Nylon film, commonly known as polyamide, is a molecular chain consisting of the repeat structure unit of the amide group (-CONH-) polymer, called nylon. Polyamide is called polyamide, or PA for short, and biaxially oriented polyamide (nylon) film, or BOPA. PA6 and PA66 are commonly used in the manufacture of films. Because PA66 crystallizes very quickly and is difficult to process, PA6 is commonly used.

Nylon films are synthetic thermoplastics with exceptionally high tensile strength, minimal tissue reaction, and a high degree of elasticity. Polyamides are considered to be some of the most powerful synthetic textile materials with excellent durability and low cost. That’s why nylon films have unique oxygen barrier properties, making them perfect for cooking applications and packaging materials.

What is BOPA Film?

BOPA film or Biaxially Oriented Polyamide film is a type of nylon film which is processed by a method called biaxial orientation. Also known as BON or Biaxially Oriented Nylon film. Biaxial orientation words refer to a method in which nylon film is stretched in a unique way that changes the orientation of its polymeric chains. As a result, the orientation of the films becomes parallel to the plane of the film. These changes provide BOPA films with exceptional clarity, enhancing their elasticity and tensile properties.

The chemical composition of BOPA film forms an amide group known for solid intermolecular adhesion due to hydrogen bonds. Therefore, BOPA film’s benefits are attributed to these strong molecular forces.

BOPA Films Classification:

Based on the structure, BOPA films are classified into two main categories:

The main difference between these two types is the number of layers in each type. For example, specialty films are made with several polymer layers between two and seven.

Based on appearance, BOPA films are grouped into:

Transparent Films: Most modern packaging materials for perishable goods use transparent films. They are clean and hygienic and package materials such as foodstuffs, vegetables, electronic devices, and medical and pharmaceutical products.

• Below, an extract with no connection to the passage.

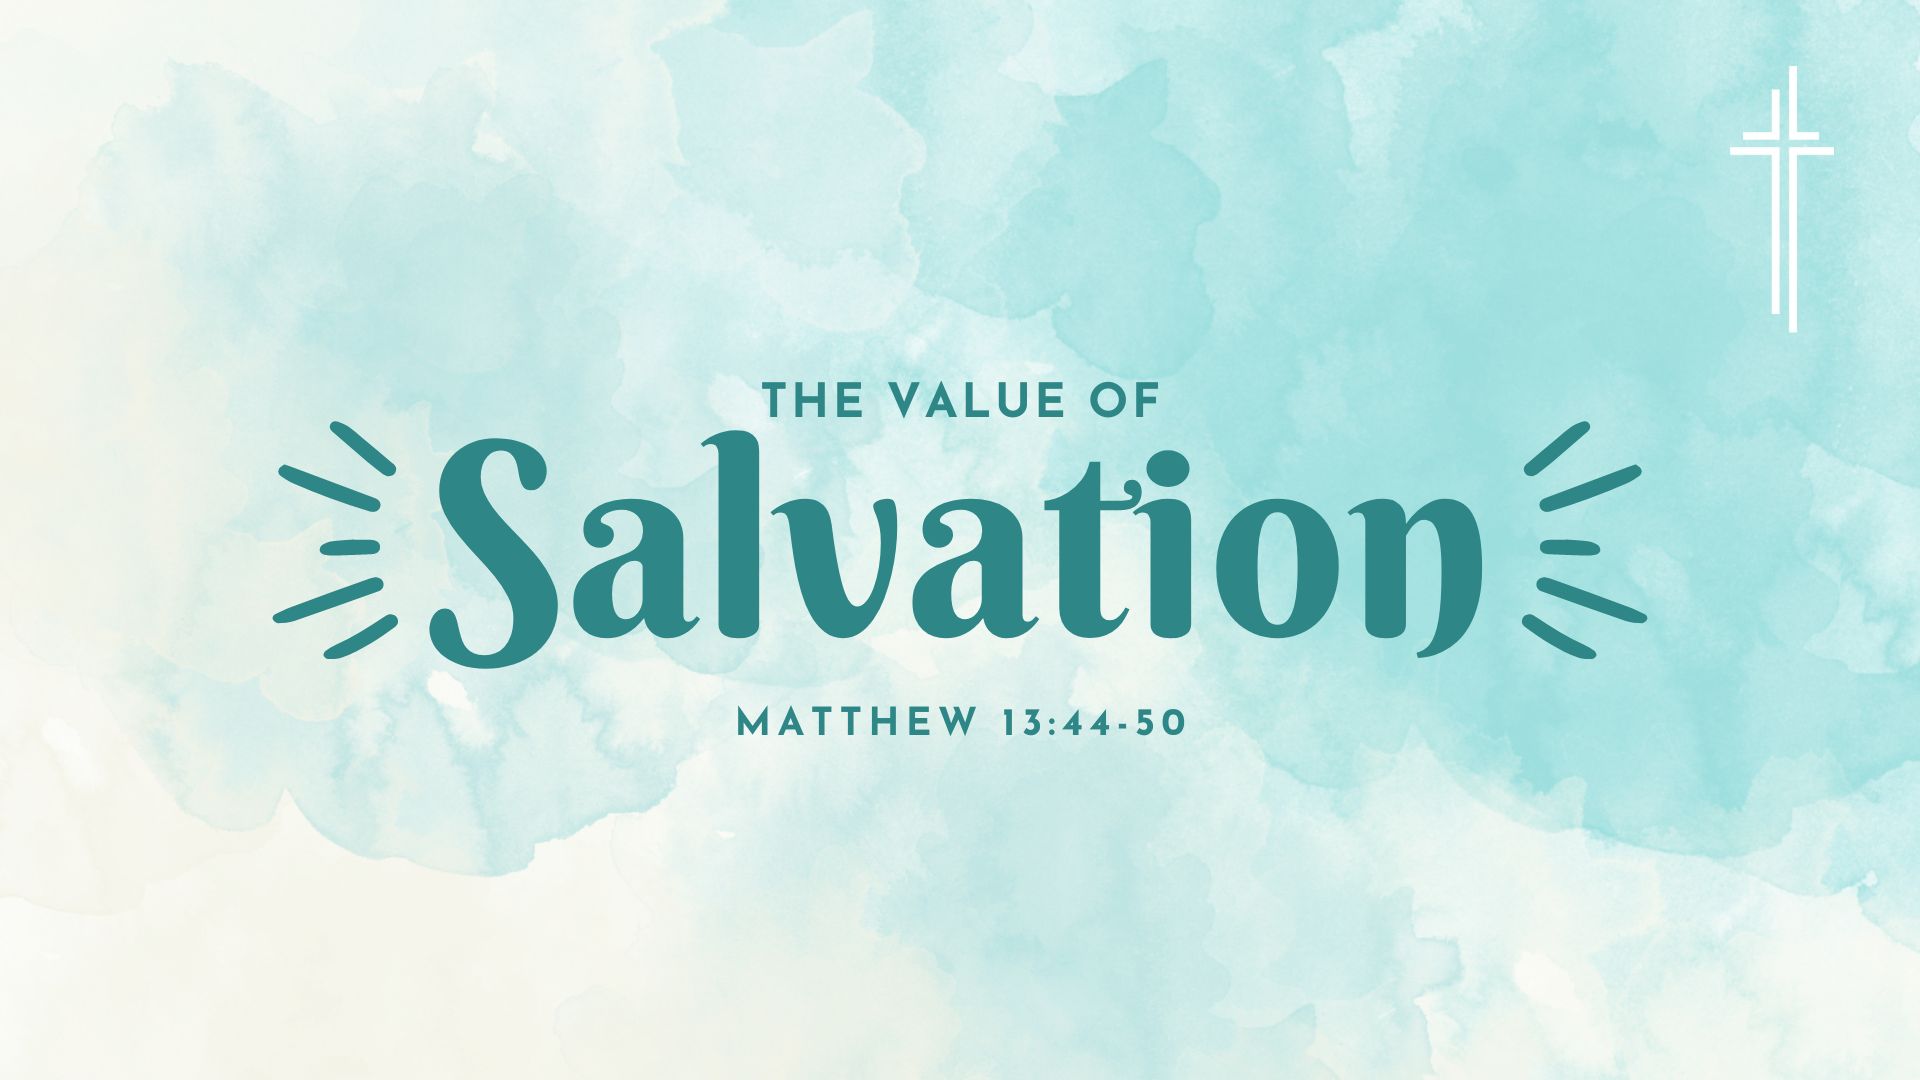 The Value of Salvation

Metalized Films: Metalized films are BOPA films treated with a process called vacuum deposition. In this process, a thin layer of aluminum metal accumulates on the surface of the film. Metal films make the best alternative to aluminum foils and CPP films. They are widely used in food packaging.

BOPA Film Properties:

BOPA film has excellent properties and can be used for a variety of advanced packaging.

Unlike standard nylon film, BOPA film does not degrade under load due to its flexible properties. Because of these properties, BOPA films are considered one of the most sought-after specialty films and are used as a flexible packaging solution for oxygen-sensitive foods.

Actually, this film is just hard to use. It is usually coated with other materials (such as PE, EVA, PET, CPP aluminum foil and paper, etc.) for better composite performance.

Benefits of BOPA Film:

BOPA Film Application

BOPA films are widely used in the food packaging industry, thanks to their oxygen and odor-resistant properties. Some common processed foods packaged with BOPA films include:

In addition, BOPA film is widely used in medical, pharmaceutical equipment, cosmetics and machinery, electronics and other general industrial packaging fields.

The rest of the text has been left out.